Не жалея хулящих слов, перемежая свою речь выражениями, вгоняющими в краску учительниц, робеющих у стены, отец Михаил обрисовал жизнь отлученного от церкви и проклятого самим богом, черту подобного графа, не постеснялся заявить, что греховодница Каренина Анна была писана им с одной из блудниц, которых было великое множество в его имении, под городом Тулой, где на сто верст вокруг посохли деревья, померла каждая седьмая тварь и перестали гнездиться птицы, множиться звери и метать икру рыбы.

Выпитый с утра шкалик водки во многом способствовал измышлениям отца Михаила, очернявшего память великого писателя России. Источа свою злобу, законоучитель перешел к теме, имеющей отношение к данной школе:

– Находятся и в нашей приходской школе отроки, а равно и потрафляющие им наставники, которые, пребывая в тумане ослепления своего, может быть и не ведая того, туманят себе и другим головы туманными картинами… Толлин! – выкрикнул отец Михаил. – Выдь к доске и покайся!

Испуганный Маврик исполнил приказание.

– Ну что же ты молчишь, господин Толлин? Показывал мерзопакостные картины?

– Йя… йя, – начал заикаться Маврик, – я показывал хо-хо-хорошие картины. Про Аленушку, про…

– А про невинного… который якобы заточен был в темницу по лживому доносу? Мог ли ошибаться суд праведный, суд помазанника божиего царя-батюшки? Ну, что же ты молчишь?

– Не знаю, – ответил Маврик. – Наверно, мог ошибиться. Мой дедушка тоже невинно сидел шесть дней.

Отец Михаил задышал чаще. Жилы на его висках надулись. Он закашлялся.

– Вот как? Невинно? Откуда тебе это знать?

– Бабушка говорит, и тетя Катя, и все. Хоть кого в Мильве спросите.

– Значит, ты не признаешь вины своей перед богом и перед сверстниками? – спросил, указывая на притихших учеников, отец Михаил. – И не каешься в том, что ты показывал богоотступническое?..

– Отец Михаил, – стал защищаться Маврик, – если бы вы посмотрели и прослушали «Бог правду видит…», вы бы сами сказали, какой это хороший рассказ. Всем, всем ребятам понравились эти картины. Они почти что священные…

– На колени! – не крикнул, а заорал отец Михаил.
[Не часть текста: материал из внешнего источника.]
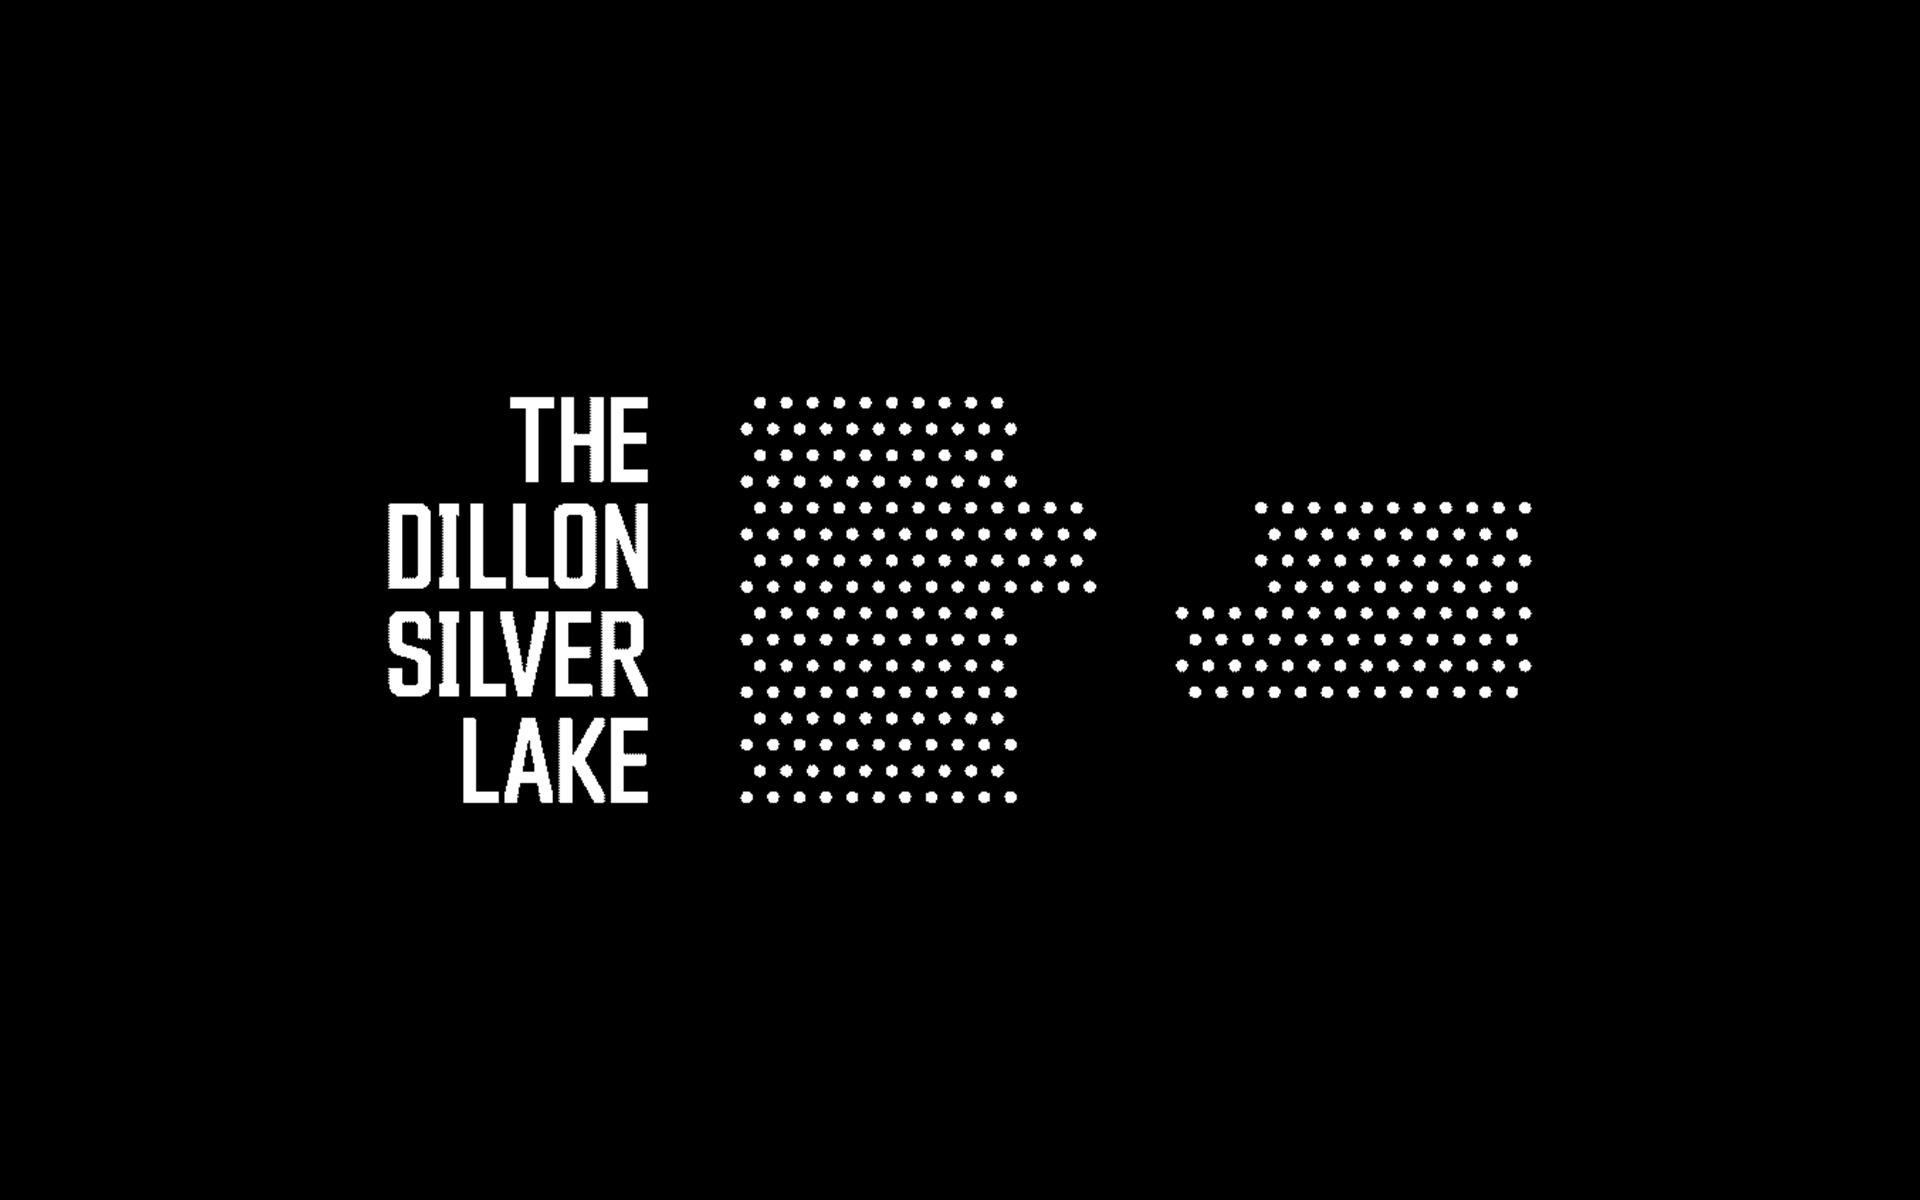 The Dillon

У Маврика начали было сгибаться колени, но в эту минуту он вспомнил, как тетя Катя внушала ему и другим: «Если ты не уважаешь себя, за что же тебя будут уважать другие?» И его ноги сами собой распрямились.
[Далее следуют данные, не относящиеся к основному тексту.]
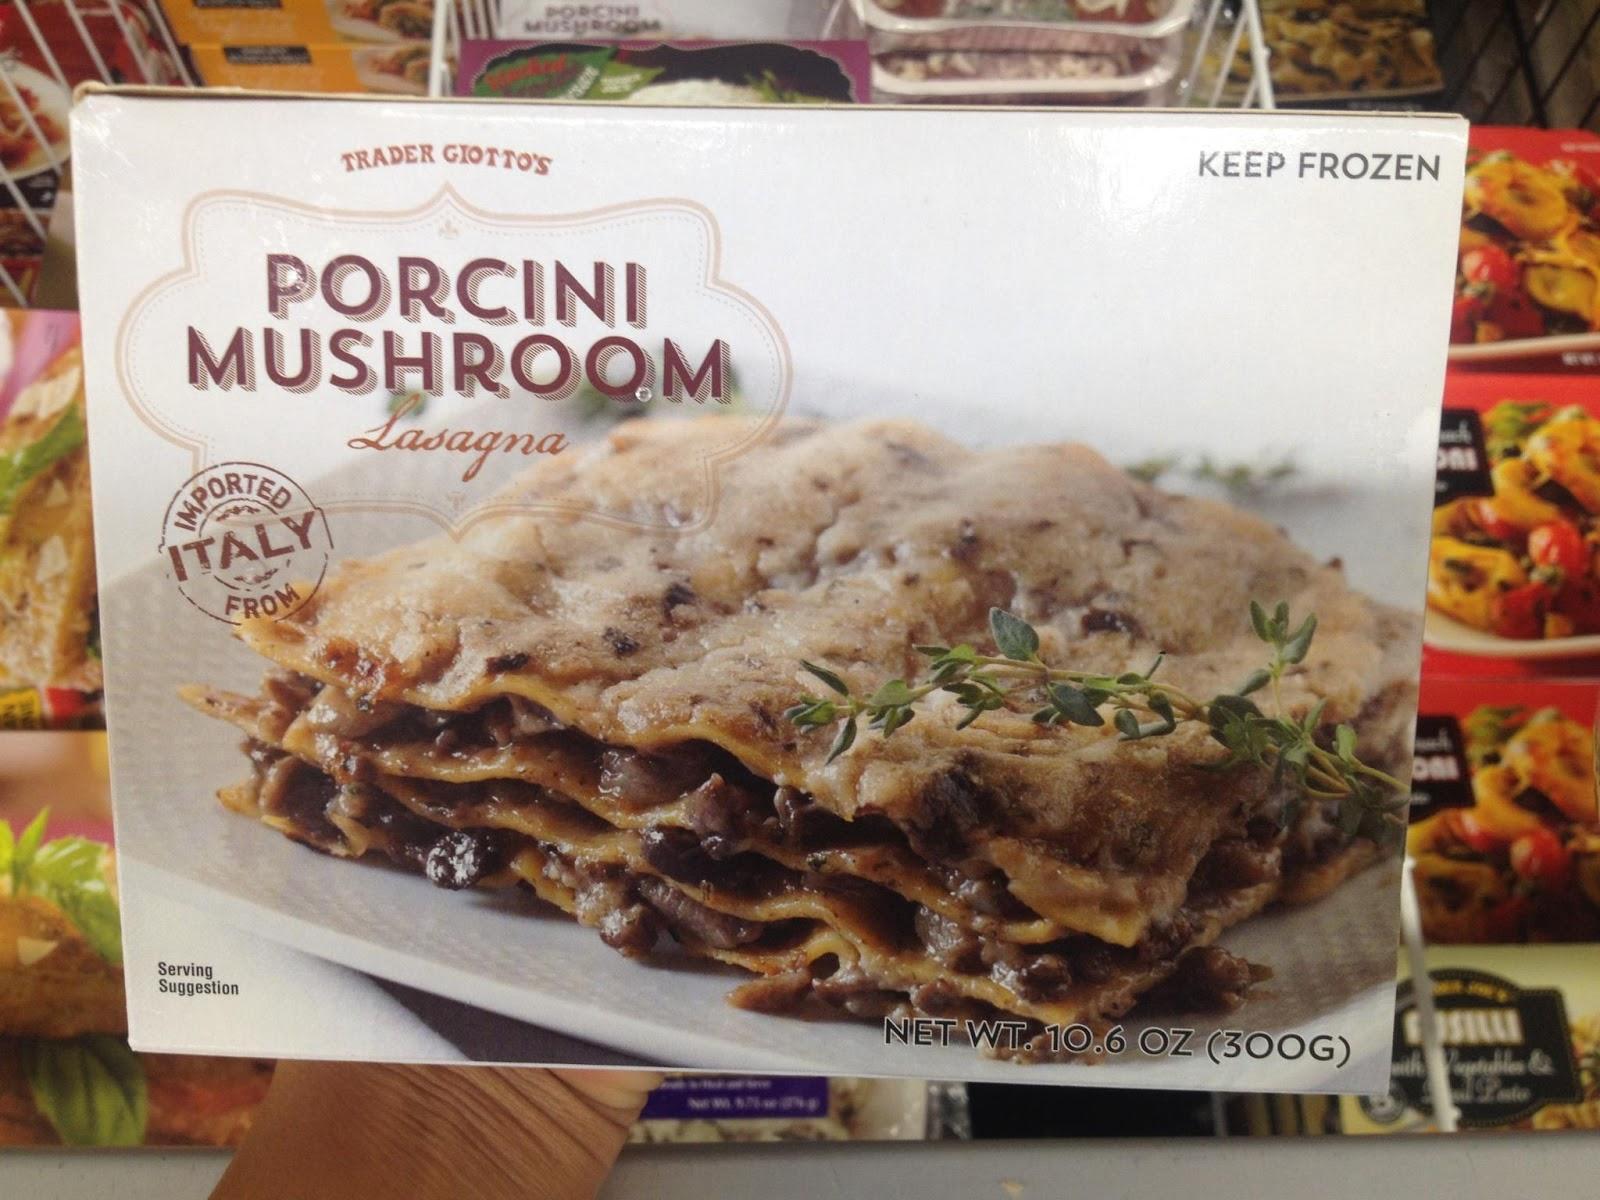 蘑菇千层面| Trader Giotto's

– За что же, батюшка? – взмолился Маврик. – За что же, отец Михаил?

– На колени! – взревел священник и больно схватил за ухо, чтобы пригнуть к полу неслуха.

Маврик и не собирался укусить руку отца Михаила. Он это сделал помимо своей воли, так же как Мальчик укусил, хотя и не больно, руку Маврика, когда он потянул свою добрую собачонку за ухо.
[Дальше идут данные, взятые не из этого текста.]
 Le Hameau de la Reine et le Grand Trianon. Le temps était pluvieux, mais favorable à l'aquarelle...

Отец Михаил отдернул укушенную руку и тотчас же, размахнувшись, ударил Маврика по скуле и сбил его с ног. Упавший затрясся, заскулил по-щенячьи. Он плакал не столько от боли, сколько от обиды, от несправедливости, от беззащитности.

Кто-то всхлипнул в классе. Это был Санчик. Плач повторился в другом конце. С учительницей первого класса стало плохо. Ее вывели. Отец Михаил опешил. Он хотел было поднять Толлина. Но водка и самолюбие не позволили этого сделать. И он схватил Толлина за шиворот.

– Еретический выродок! Змееныш! – крикнул он и пнул под зад Маврика так, что тот своим лбом открыл дверь и очутился за нею.

Более ста мальчиков опустили головы.

Отец Михаил понял, что произошло непоправимое. Он попытался смягчить, объяснить, что его гнев – гнев небес, но, видя, что никто не верит этому и все против него, он снова перешел на крик и проклятия, но и страх оказался бессилен. Школьники не подымали глаз на своего законоучителя.

– Встать!

Они встали.

– Поднять морды!

Они подняли головы, но глаза их были опущены.

– Воды! – приказал отец Михаил.

Манефа принесла воду в жестяной кружке.

– Худо мне, дети мои, – схитрил отец Михаил и вышел из класса.

Занятий в этот день в церковноприходской школе не было.

VI

Ошеломленный Маврик, выплакавшись на груди школьной сторожихи, не вернулся домой на Купеческую улицу. Не пришел он и к тетке. Начались розыски. Его нашли в доме Кулеминых. Маврик боялся, что за укус руки священника его не простят ни мать, ни тетя Катя, ни бабушка. А все оказалось совсем не так.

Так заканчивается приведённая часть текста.